Монахини ходили по коридорам и галереям с опущенными глазами, сложив на груди спрятанные в рукава руки, по многу раз проходя мимо своих сестер, не произнося ни слова и не выказывая никаких знаков внимания. И только звон колоколов нарушал тишину монастыря – звон, который Виктор Гюго называл «оперой колоколен».

* * *

Разные дороги привели сюда сестер. Они были из семей аристократов, фермеров, военных... Из разных стран пришли они в монастырь. Богатые и бедные, образованные и невежественные, ничтожные и благородные – все они теперь были равны в глазах Господа, объединенные желанием быть вечными невестами Христа.
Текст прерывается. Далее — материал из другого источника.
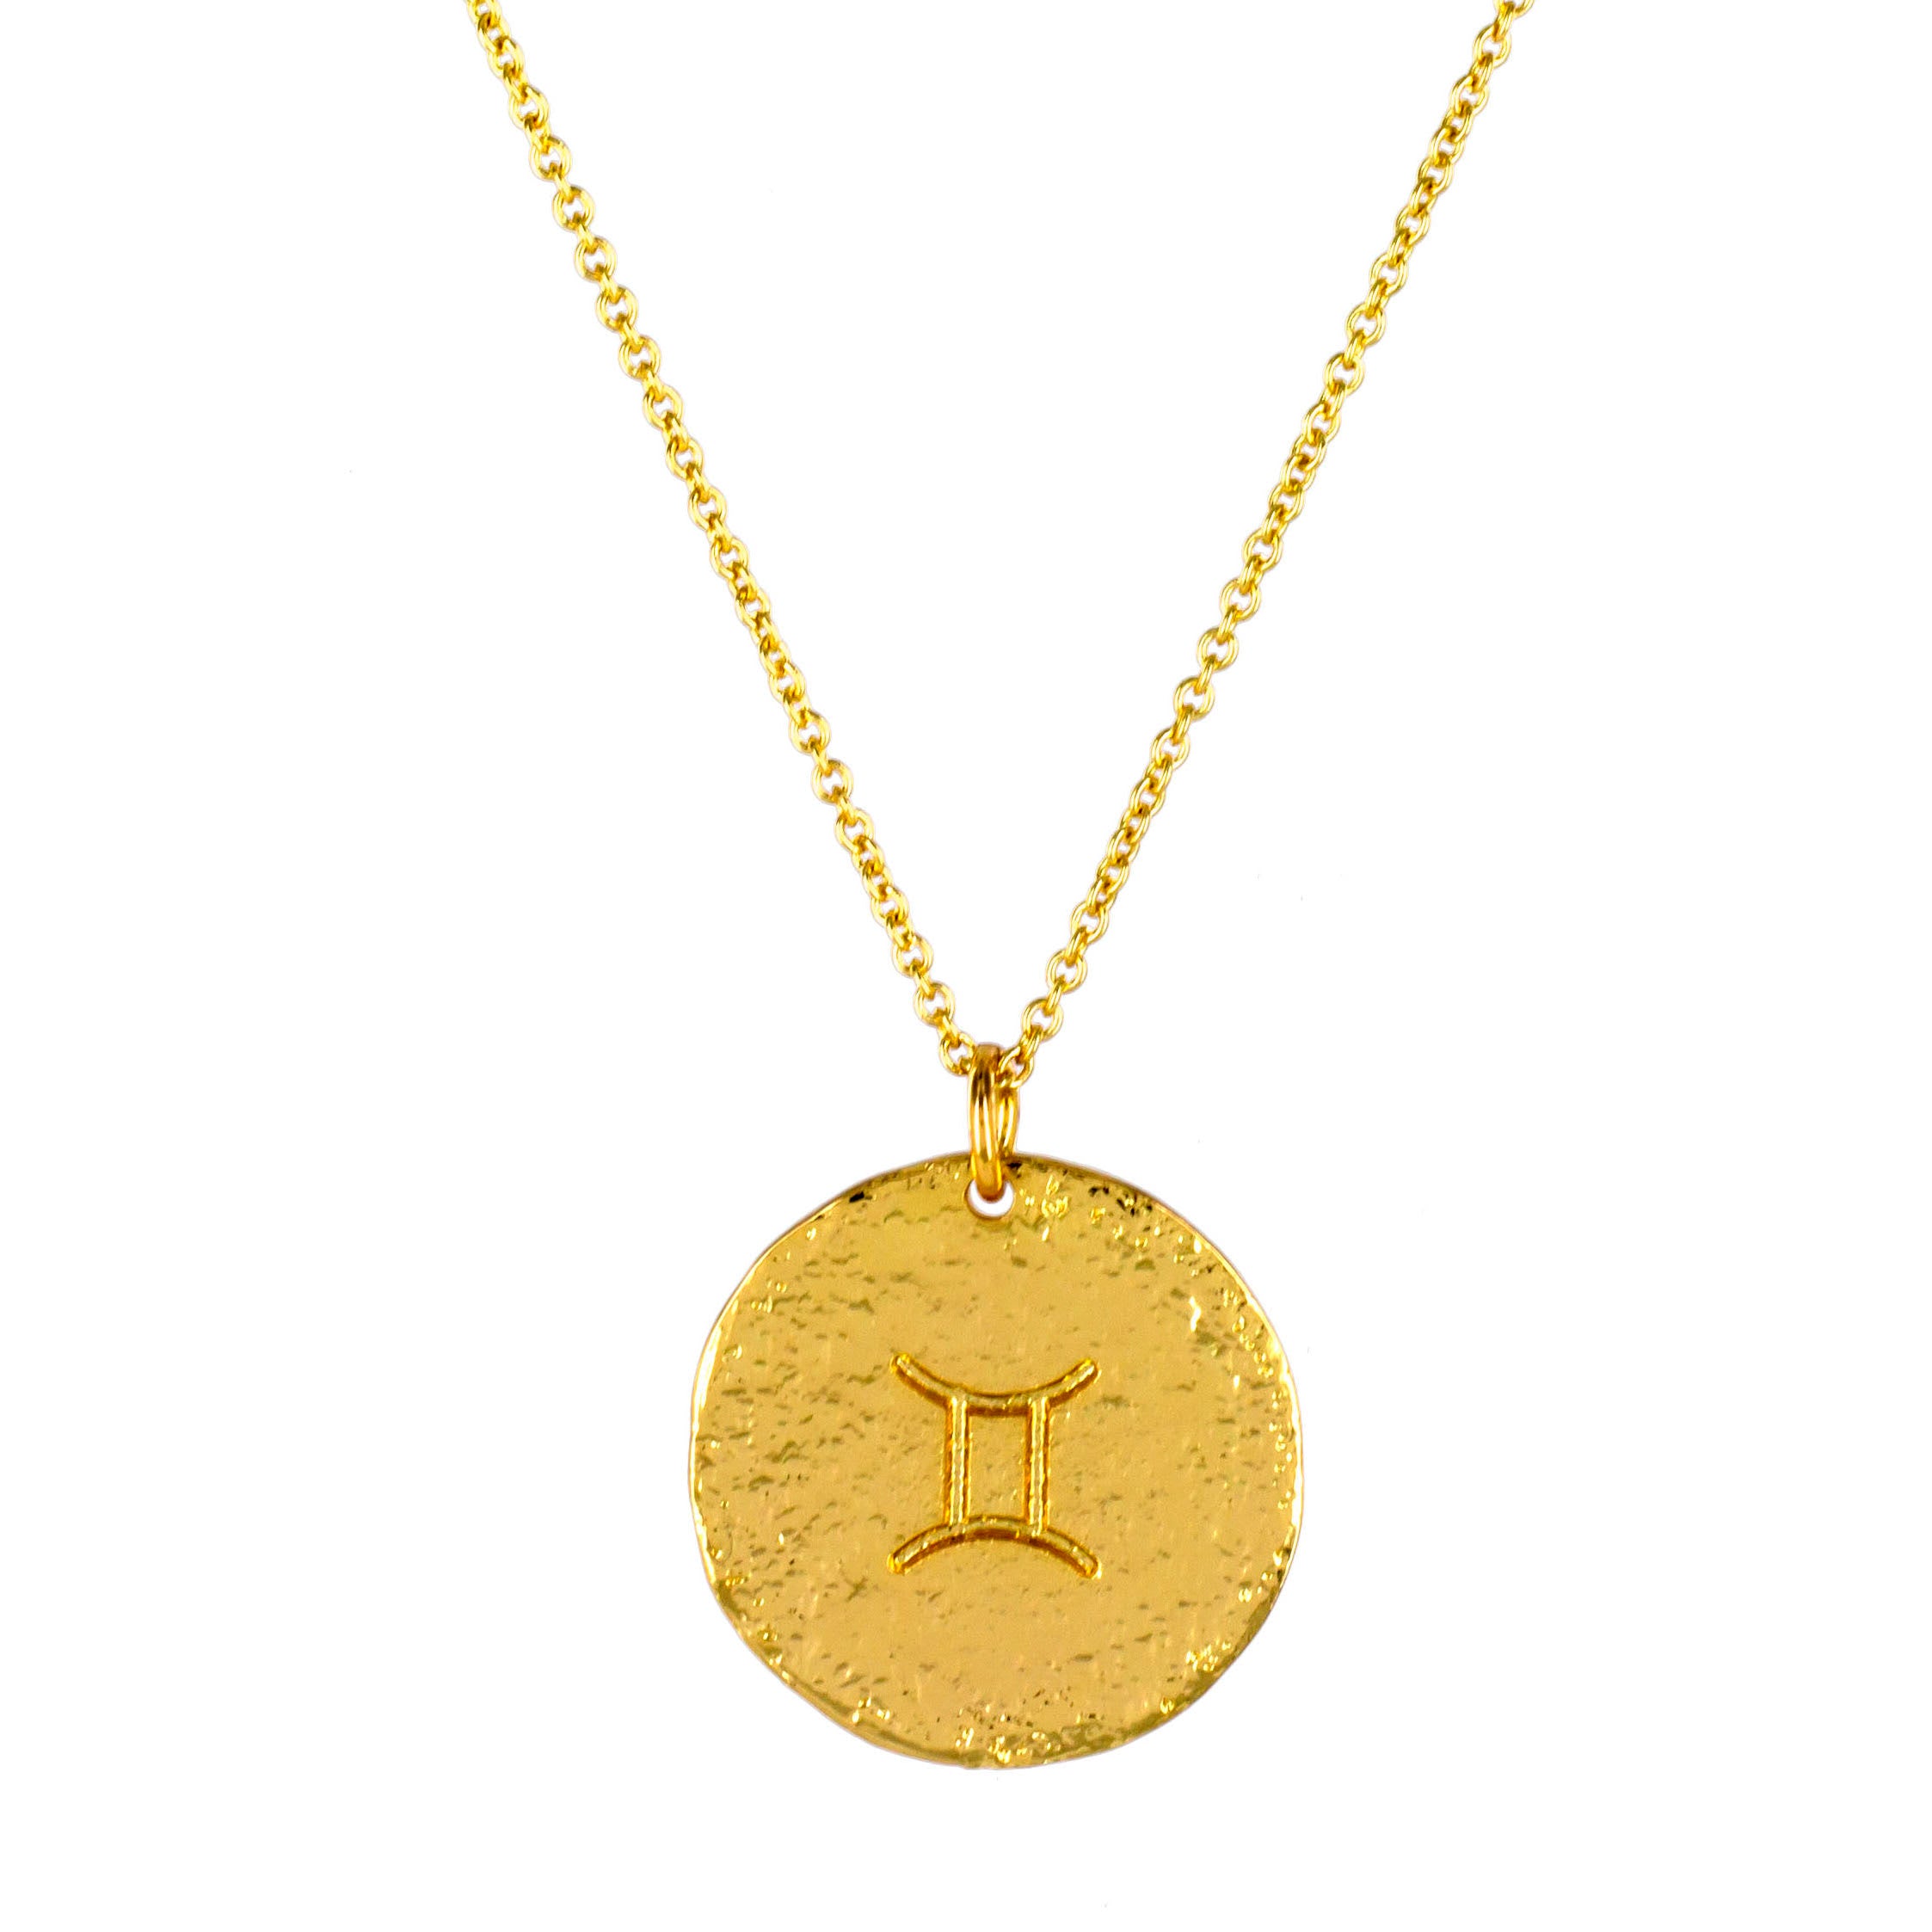 astrologie collier gemeaux- astrodisiac - bijoux - paris - claire naa - jewels - necklace gemini - astrology
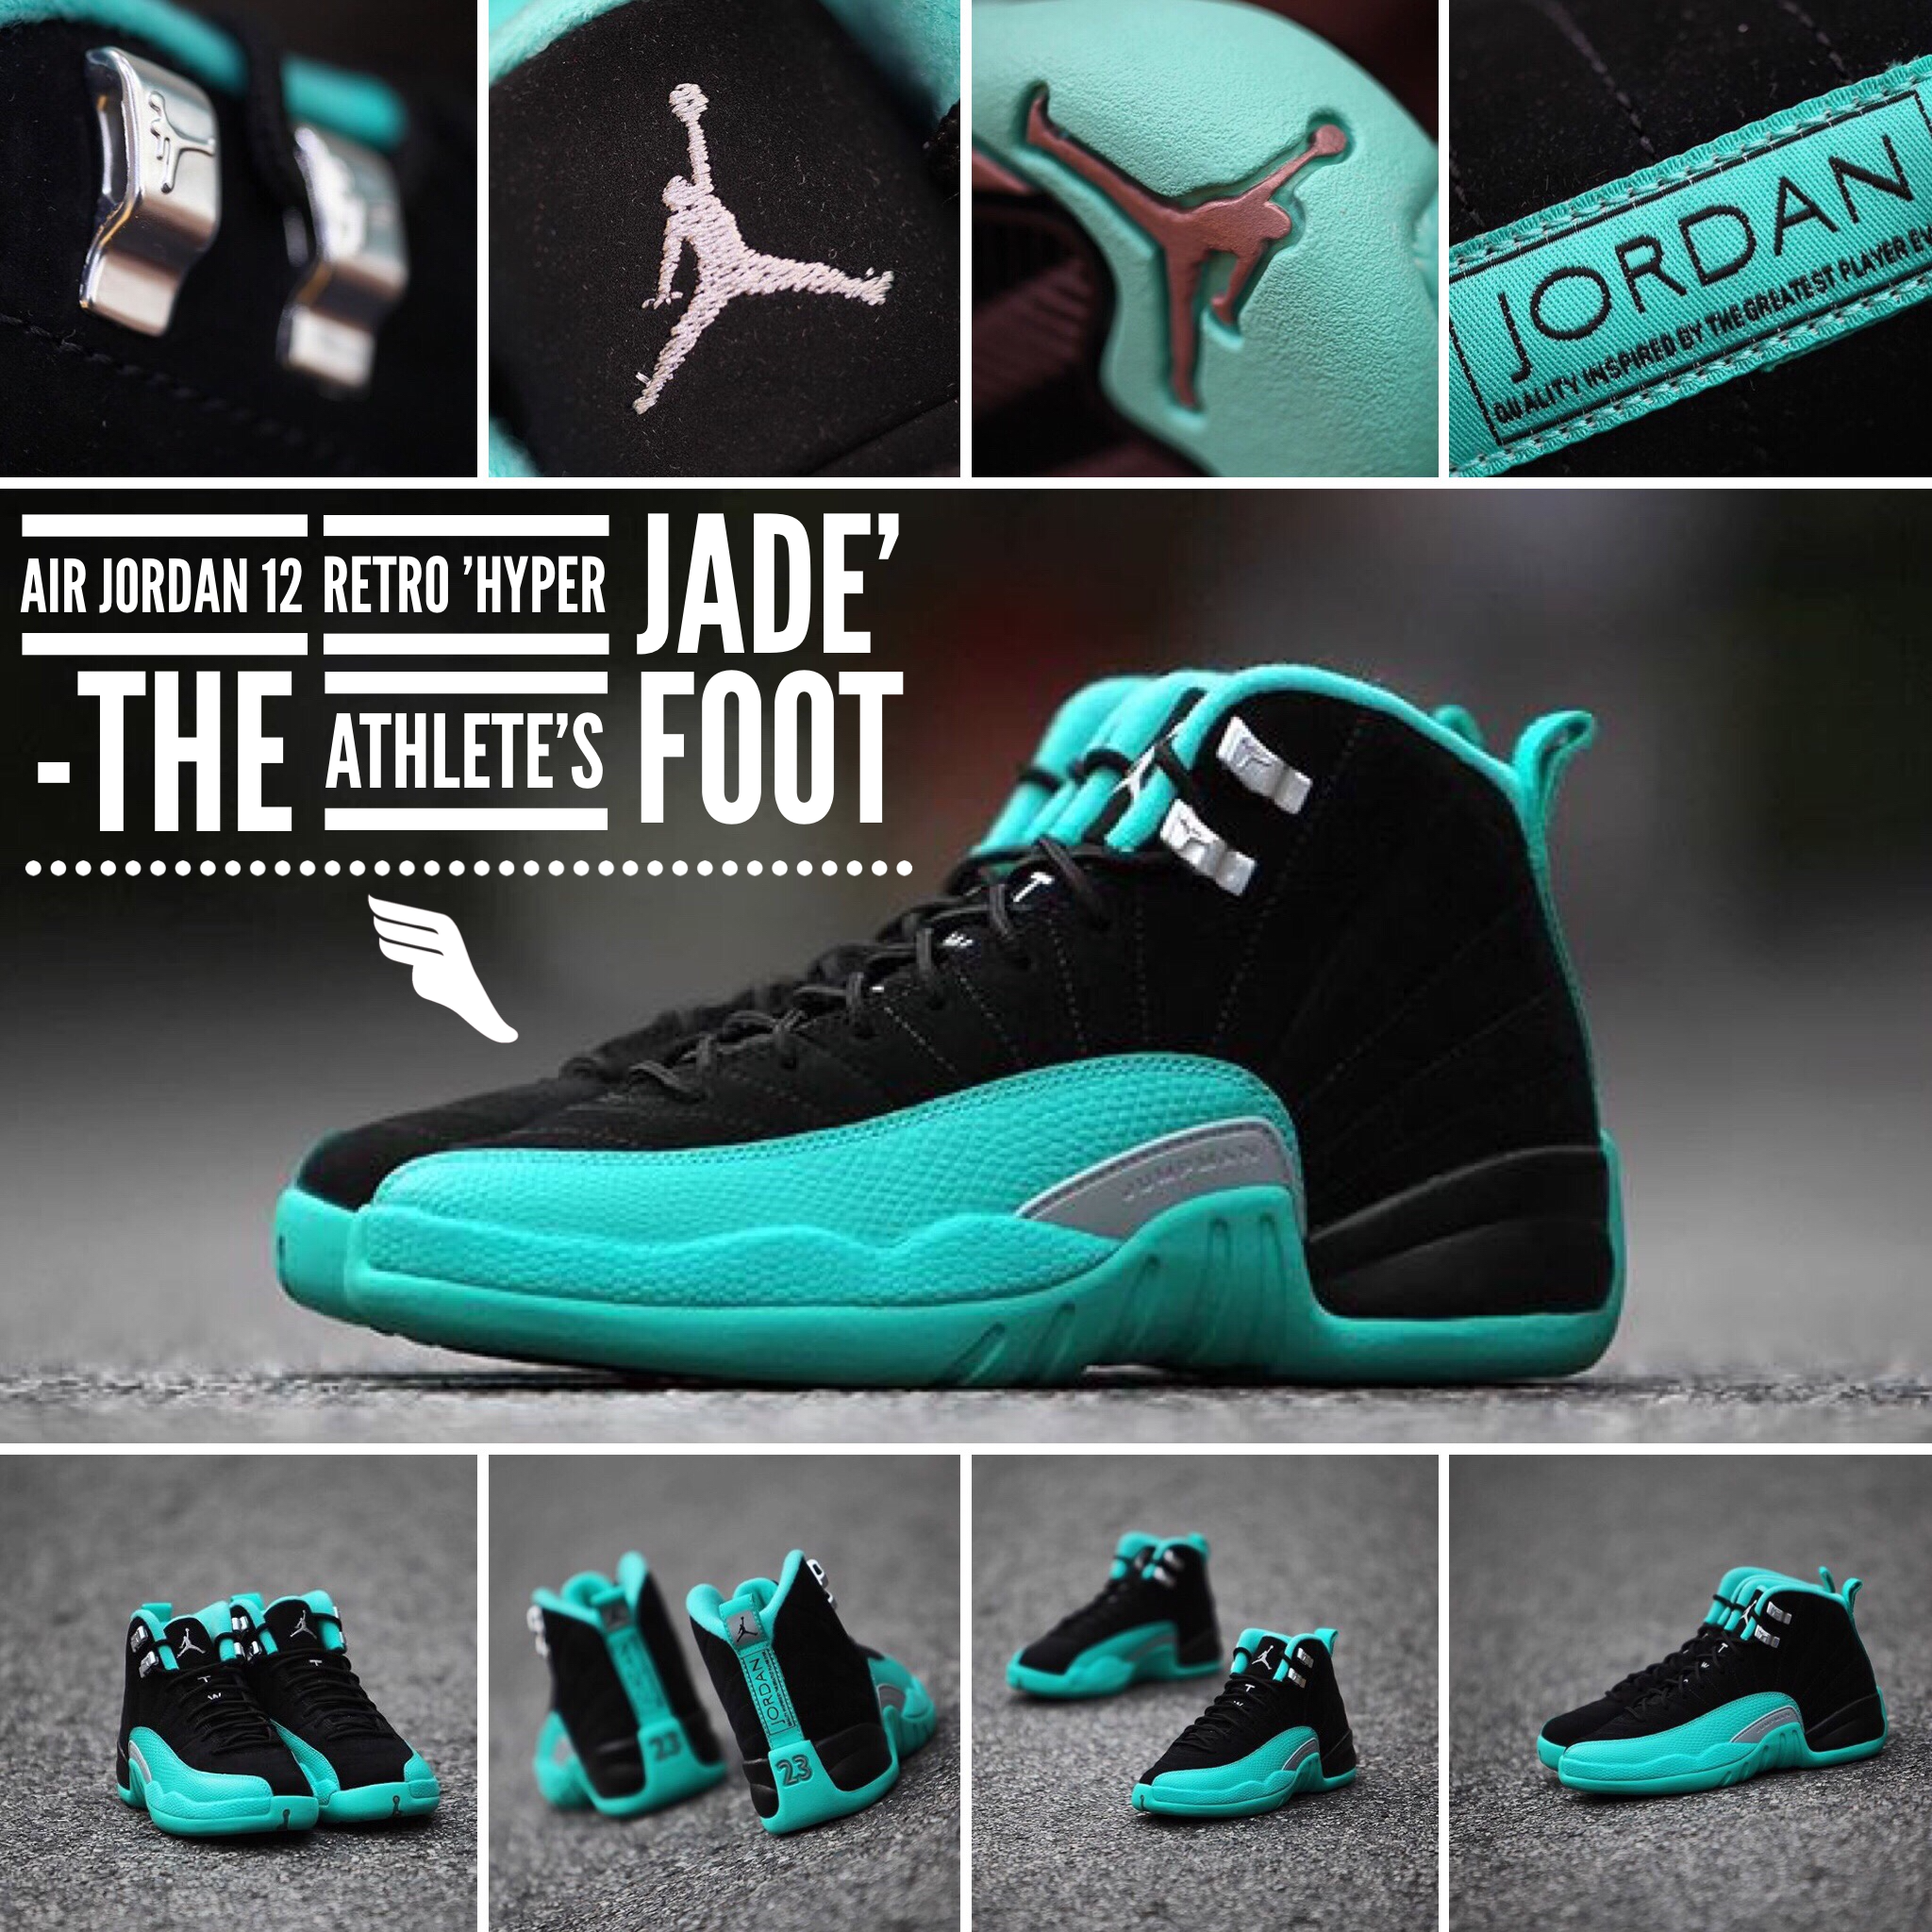 Air Jordan 12 Retro Hyper Jade l The Athlete's Foot

В монастыре были спартанские условия жизни. Зимой стоял пронизывающий холод, и бесчувственный бледный свет едва просачивался сквозь свинцово-серые окна. Монахини спали одетыми на соломенных тюфяках, покрытых грубыми шерстяными простынями. У каждой была своя крошечная келья, в которой находились лишь постель и деревянный стул с прямой спинкой. Вместо умывальника в углу кельи на полу стояли маленький глиняный кувшин и таз. Монахиням, за исключением преподобной матери Бетины, запрещалось заходить друг к другу в кельи. Все свое время они проводили в работе и молитвах. Для каждой работы – вязания, переплетного дела, ткачества, хлебопечения – было отведено свое место. Восемь часов в день посвящалось молитвам. Помимо основных молитвенных часов были и другие молитвы: благодарения, псалмы и литании.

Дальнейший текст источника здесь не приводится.